International bad manners are an inevitable concomitant of tourist travel. The tourist compares every country with his own, to the advantage of his own. Englishmen abroad are notorious for this trait; but Americans and Frenchmen are just as bad. American bad manners found a retort to English bad manners when Mark Twain guyed the castellated culture in his A Yankee at the Court of King Arthur. It was heavy and clumsy humour; he should have written about his own country, about the Mississippi, which he knew. But, more recently still, the Americans have had to put up with polite cynicism, the assumption of an effortless superiority, from a horde of English visitors, such as G. K. Chesterton and St. John Irvine, who lectured them (for immense fees) on their “cultural” shortcomings; unaware of the fact, or ignoring the fact, that American writers, such as Dreiser, Cabell, Hergesheimer, Sinclair Lewis, Eugene O’Neill, Thornton Wilder, and a host of others were doing work, man for man, as good as the best English contemporary work; unaware of the fact, or ignoring the fact, that the Grand Opera Houses in New York, Chicago, Philadelphia, and Boston, are among the world’s best, and that music is patronised in the United States a thousand times more than in Britain, where there is not even one permanent opera, but only “seasons”; unaware of the fact, or ignoring the fact, that Manhattan Island contains more art treasures than any other similar area in the world, not excluding Rome, Paris, and London, that in science and industry the United States is second to none; that education and criticism are alive in America; that the Carnegie Corporation has provided twelve million dollars actually to establish libraries in Britain, after having established the best public libraries in the world throughout America!

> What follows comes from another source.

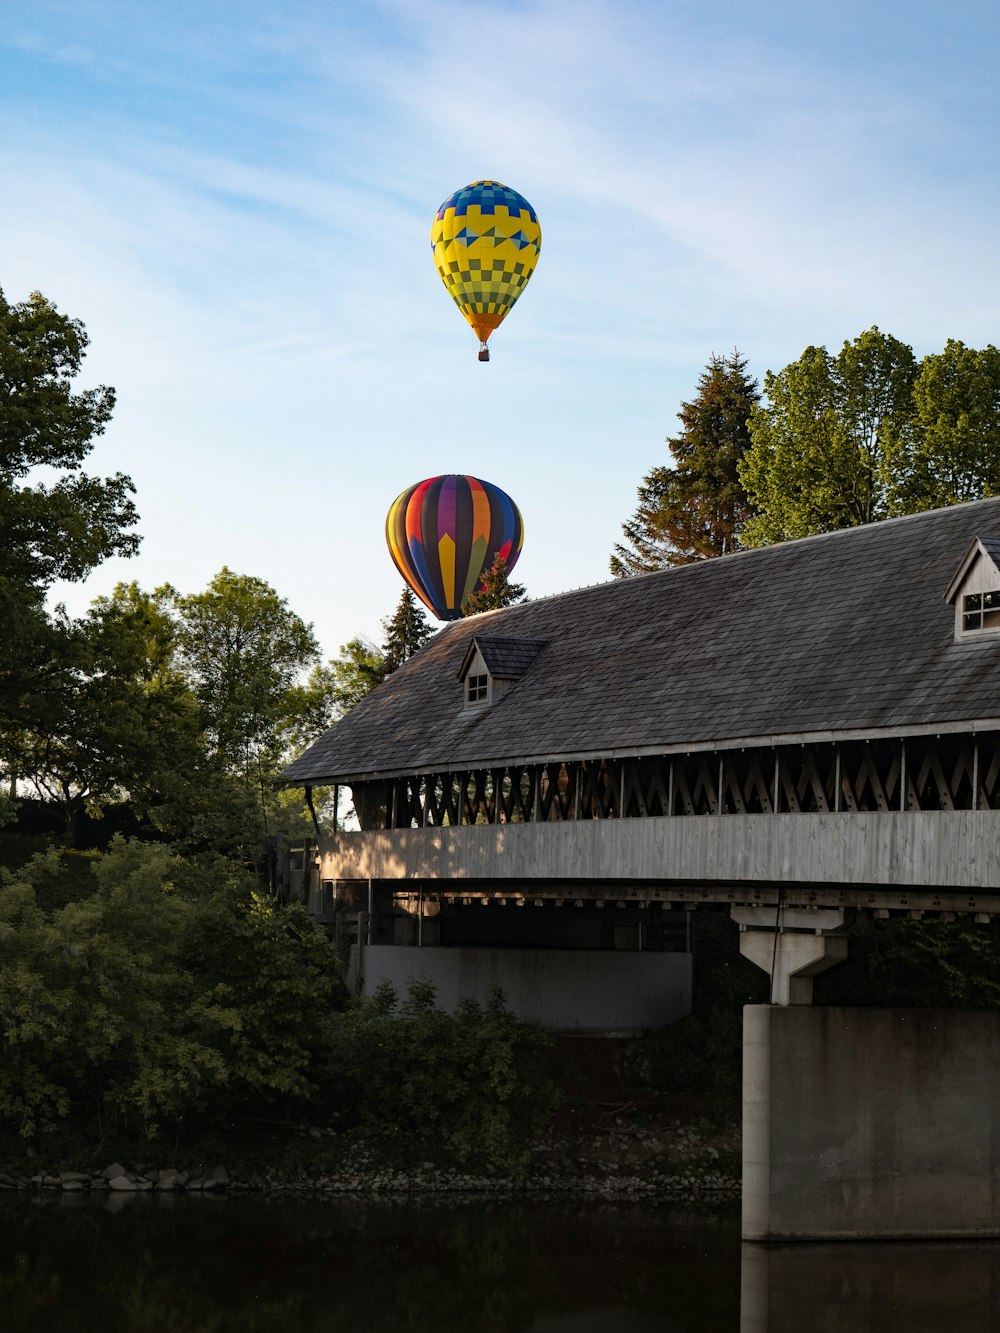 two hot air balloons during daytime

What then becomes of the “effortless superiority” of the Englishman vis-à-vis the American? Is the Englishman not resting on his oars, on the great achievements of his forbears, rather than actively leading the modern world of thought and culture, science, art, and industry? I am not going to take sides in such a futile dispute. I merely point out that such international arguments do exist, and that there is invariably much to be said on both sides. It is natural enough to exalt one’s own country in such a dispute, because in exalting one’s country one exalts oneself. I could, without difficulty, devise arguments to show that life in Australia is preferable to life in England, for the general mass of the people, castles or no castles, but I forbear. In any dispute between Poland and Czecho-Slovakia I could arbitrate impartially, but in any dispute between Australia and England I confess to prejudice in favour of my own country.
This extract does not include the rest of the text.